Source data:
----
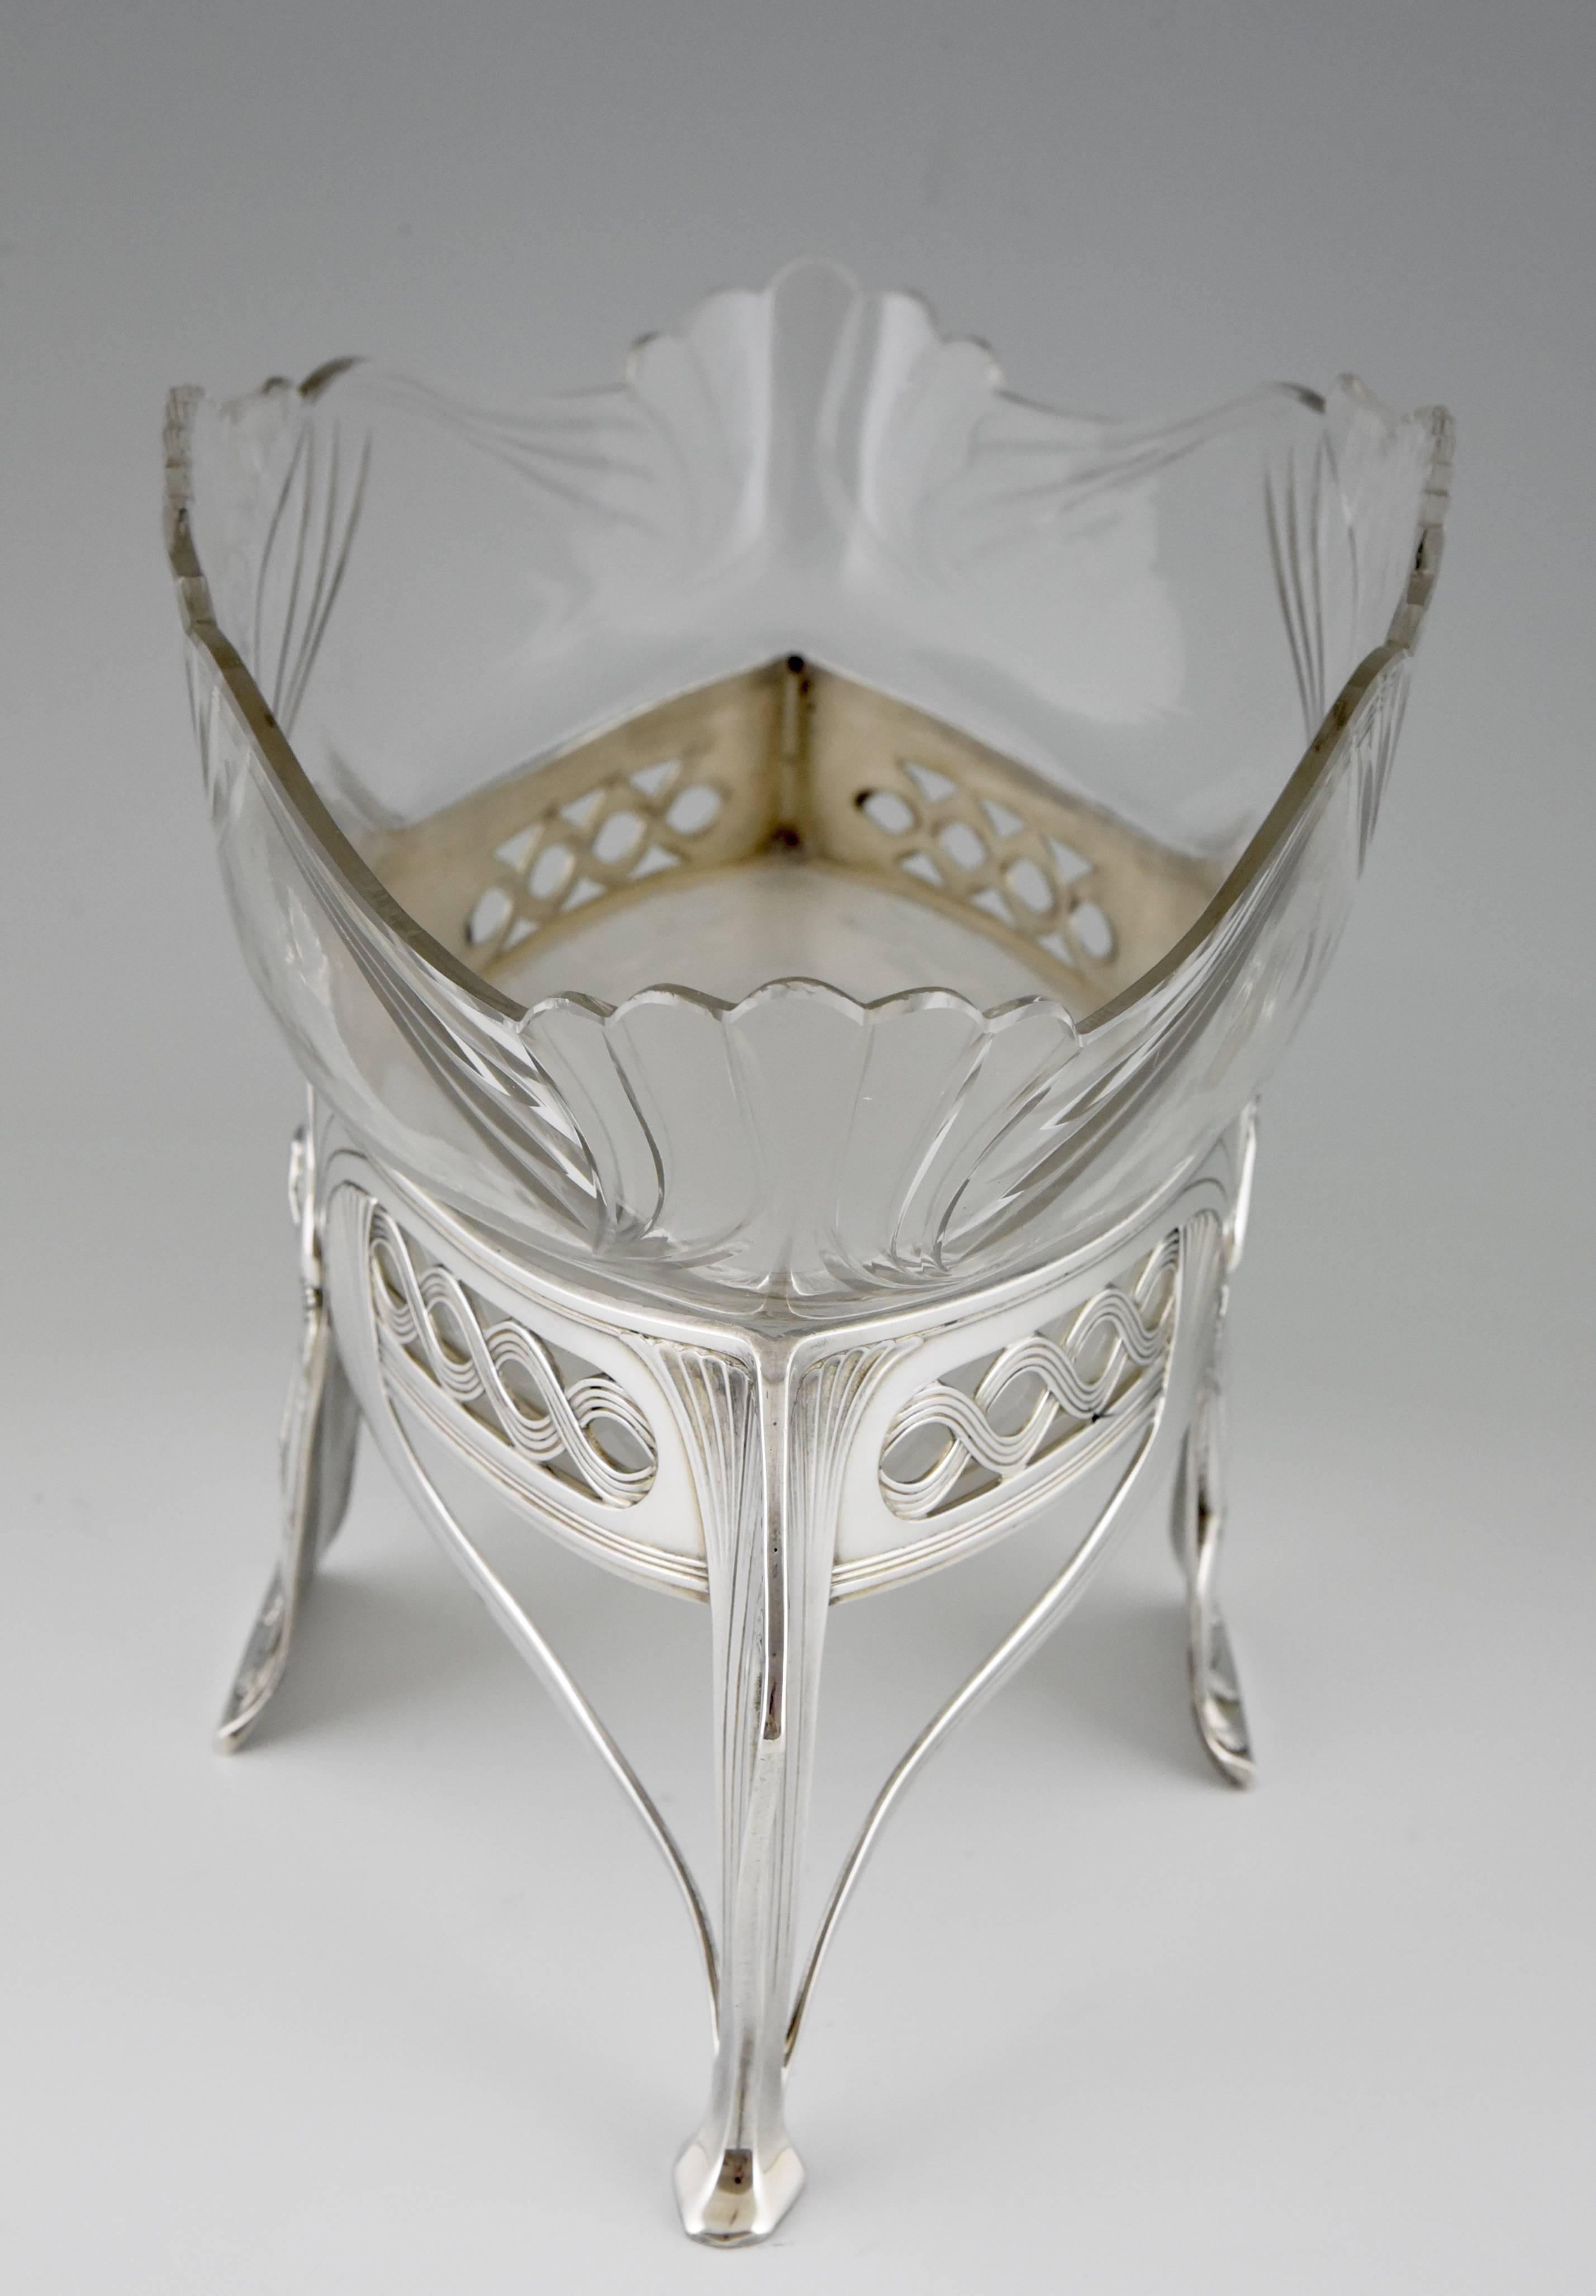 An Art Nouveau flower dish decorated with romantic semi nude couple and leaves and finely cut-glass liner.
By WMF, Württembergische Metallwaren Fabrik. 

Artist/ Maker: WMF 1906.
Signature/ Marks: WMF mark, 60, 0/1, ox, and B.
Style: Art
----
→ **Prompt**: Return the data word for word without its pictures.

→ **Problem solution**:
 An Art Nouveau flower dish decorated with romantic semi nude couple and leaves and finely cut-glass liner.
By WMF, Württembergische Metallwaren Fabrik. 

Artist/ Maker: WMF 1906.
Signature/ Marks: WMF mark, 60, 0/1, ox, and B.
Style: Art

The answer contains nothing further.